| THE TASK |
Look below for the line that has "6課イラスト【図書館で本を読む】". Set down the lines from there through the line that has "wallpaper 2560x1440 ...", exactly as written.

| INFORMATION PROVIDED |
● ● ● ● ● ● ●

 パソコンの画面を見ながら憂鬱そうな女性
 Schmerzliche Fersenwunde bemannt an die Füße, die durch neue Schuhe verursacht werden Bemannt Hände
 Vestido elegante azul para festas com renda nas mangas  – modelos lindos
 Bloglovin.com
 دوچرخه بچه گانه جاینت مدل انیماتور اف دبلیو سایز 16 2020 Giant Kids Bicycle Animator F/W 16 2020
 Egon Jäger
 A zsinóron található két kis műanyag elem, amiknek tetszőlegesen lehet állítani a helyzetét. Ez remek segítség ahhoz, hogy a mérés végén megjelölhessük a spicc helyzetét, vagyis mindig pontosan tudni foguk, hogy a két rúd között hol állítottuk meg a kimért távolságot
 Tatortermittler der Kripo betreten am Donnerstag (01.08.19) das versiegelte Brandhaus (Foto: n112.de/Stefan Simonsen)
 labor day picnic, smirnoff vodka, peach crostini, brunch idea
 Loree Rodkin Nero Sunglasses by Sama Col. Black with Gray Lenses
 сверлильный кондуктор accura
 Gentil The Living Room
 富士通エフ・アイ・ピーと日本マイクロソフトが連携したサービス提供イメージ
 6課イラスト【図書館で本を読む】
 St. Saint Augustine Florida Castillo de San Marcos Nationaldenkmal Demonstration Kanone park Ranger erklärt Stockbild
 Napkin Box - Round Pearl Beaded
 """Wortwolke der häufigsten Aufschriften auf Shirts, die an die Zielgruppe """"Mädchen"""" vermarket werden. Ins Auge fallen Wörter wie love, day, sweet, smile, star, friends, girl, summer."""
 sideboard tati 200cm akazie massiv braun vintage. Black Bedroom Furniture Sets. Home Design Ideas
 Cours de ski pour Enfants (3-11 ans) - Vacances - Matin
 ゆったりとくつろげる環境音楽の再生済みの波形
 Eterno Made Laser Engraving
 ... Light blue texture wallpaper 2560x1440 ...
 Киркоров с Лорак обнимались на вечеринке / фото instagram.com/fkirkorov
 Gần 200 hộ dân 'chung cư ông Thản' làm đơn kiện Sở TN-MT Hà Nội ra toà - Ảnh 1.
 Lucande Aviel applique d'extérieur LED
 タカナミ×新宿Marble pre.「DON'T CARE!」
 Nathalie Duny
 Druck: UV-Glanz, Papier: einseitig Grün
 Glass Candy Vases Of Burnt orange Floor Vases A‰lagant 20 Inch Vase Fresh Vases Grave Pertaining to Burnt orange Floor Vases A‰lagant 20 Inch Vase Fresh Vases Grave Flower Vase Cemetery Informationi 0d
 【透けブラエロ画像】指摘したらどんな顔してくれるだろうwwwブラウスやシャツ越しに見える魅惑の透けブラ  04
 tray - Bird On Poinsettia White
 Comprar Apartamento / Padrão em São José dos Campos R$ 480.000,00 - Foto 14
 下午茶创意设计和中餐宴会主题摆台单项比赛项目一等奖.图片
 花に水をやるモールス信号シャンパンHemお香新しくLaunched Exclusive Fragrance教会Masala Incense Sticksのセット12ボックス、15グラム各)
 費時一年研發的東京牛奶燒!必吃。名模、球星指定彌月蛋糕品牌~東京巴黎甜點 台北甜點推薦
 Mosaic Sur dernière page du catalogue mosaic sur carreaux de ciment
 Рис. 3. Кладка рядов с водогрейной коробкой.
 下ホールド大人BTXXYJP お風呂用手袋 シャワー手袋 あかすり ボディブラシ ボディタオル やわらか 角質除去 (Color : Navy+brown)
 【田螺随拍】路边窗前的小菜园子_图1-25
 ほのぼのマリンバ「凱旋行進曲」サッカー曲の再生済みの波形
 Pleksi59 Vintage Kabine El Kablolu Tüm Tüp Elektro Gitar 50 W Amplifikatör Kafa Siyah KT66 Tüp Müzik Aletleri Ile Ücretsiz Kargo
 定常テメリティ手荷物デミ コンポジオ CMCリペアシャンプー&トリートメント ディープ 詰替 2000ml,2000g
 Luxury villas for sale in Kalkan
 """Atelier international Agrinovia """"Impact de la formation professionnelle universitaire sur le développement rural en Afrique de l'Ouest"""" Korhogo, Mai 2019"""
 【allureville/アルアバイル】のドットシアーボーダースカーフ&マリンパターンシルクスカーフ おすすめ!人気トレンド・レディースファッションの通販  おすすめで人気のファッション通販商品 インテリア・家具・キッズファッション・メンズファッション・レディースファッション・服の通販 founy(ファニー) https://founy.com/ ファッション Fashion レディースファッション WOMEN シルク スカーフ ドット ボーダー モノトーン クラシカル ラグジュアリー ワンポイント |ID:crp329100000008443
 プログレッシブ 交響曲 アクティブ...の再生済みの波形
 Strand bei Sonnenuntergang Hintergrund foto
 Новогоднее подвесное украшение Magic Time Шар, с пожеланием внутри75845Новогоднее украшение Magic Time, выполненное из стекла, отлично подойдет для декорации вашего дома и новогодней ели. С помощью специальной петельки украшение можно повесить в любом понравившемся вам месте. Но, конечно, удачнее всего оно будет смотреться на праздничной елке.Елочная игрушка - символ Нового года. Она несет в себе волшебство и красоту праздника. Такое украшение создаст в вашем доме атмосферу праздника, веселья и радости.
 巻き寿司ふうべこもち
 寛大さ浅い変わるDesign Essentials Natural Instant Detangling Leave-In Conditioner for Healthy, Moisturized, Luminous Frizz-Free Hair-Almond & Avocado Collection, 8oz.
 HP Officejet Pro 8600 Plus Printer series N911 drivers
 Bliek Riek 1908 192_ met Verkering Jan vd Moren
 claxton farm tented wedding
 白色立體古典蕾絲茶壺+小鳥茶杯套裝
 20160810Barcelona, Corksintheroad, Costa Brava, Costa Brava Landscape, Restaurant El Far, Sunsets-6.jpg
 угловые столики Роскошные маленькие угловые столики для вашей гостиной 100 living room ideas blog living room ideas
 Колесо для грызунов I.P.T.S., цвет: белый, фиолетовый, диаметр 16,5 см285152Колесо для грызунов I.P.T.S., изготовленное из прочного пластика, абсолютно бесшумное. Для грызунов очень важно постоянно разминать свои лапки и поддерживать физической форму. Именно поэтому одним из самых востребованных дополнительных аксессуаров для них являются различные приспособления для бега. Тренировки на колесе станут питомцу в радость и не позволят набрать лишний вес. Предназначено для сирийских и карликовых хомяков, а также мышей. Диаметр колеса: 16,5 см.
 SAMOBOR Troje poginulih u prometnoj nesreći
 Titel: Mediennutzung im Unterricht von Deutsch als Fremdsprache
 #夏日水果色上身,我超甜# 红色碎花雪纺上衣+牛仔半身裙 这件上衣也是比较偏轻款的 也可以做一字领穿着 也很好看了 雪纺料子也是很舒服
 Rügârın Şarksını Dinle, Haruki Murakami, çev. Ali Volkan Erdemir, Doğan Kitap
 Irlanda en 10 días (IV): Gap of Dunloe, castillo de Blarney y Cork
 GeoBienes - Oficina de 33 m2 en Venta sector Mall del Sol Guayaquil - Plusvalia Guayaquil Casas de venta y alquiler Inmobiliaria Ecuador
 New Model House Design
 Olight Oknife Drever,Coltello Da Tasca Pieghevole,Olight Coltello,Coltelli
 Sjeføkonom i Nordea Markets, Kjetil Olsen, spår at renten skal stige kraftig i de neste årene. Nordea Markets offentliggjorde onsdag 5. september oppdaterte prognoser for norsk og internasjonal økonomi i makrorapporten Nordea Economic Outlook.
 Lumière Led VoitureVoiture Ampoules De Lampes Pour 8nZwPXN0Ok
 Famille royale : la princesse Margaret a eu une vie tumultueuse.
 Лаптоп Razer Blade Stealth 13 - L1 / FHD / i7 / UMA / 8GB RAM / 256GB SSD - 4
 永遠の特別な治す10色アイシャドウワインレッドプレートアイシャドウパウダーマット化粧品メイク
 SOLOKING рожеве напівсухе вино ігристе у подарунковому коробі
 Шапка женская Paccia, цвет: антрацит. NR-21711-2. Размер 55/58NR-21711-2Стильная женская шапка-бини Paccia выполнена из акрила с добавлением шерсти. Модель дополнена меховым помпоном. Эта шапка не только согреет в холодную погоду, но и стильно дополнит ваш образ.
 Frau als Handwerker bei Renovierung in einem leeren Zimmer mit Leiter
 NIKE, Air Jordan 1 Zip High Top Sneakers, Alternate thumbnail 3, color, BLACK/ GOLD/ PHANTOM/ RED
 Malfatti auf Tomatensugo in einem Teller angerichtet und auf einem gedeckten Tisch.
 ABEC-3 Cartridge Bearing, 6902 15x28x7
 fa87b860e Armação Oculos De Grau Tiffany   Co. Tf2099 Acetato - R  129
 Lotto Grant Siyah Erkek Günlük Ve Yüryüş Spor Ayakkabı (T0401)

● ● ● ● ● ● ●

| EXERCISE ANSWER |
 6課イラスト【図書館で本を読む】
 St. Saint Augustine Florida Castillo de San Marcos Nationaldenkmal Demonstration Kanone park Ranger erklärt Stockbild
 Napkin Box - Round Pearl Beaded
 """Wortwolke der häufigsten Aufschriften auf Shirts, die an die Zielgruppe """"Mädchen"""" vermarket werden. Ins Auge fallen Wörter wie love, day, sweet, smile, star, friends, girl, summer."""
 sideboard tati 200cm akazie massiv braun vintage. Black Bedroom Furniture Sets. Home Design Ideas
 Cours de ski pour Enfants (3-11 ans) - Vacances - Matin
 ゆったりとくつろげる環境音楽の再生済みの波形
 Eterno Made Laser Engraving
 ... Light blue texture wallpaper 2560x1440 ...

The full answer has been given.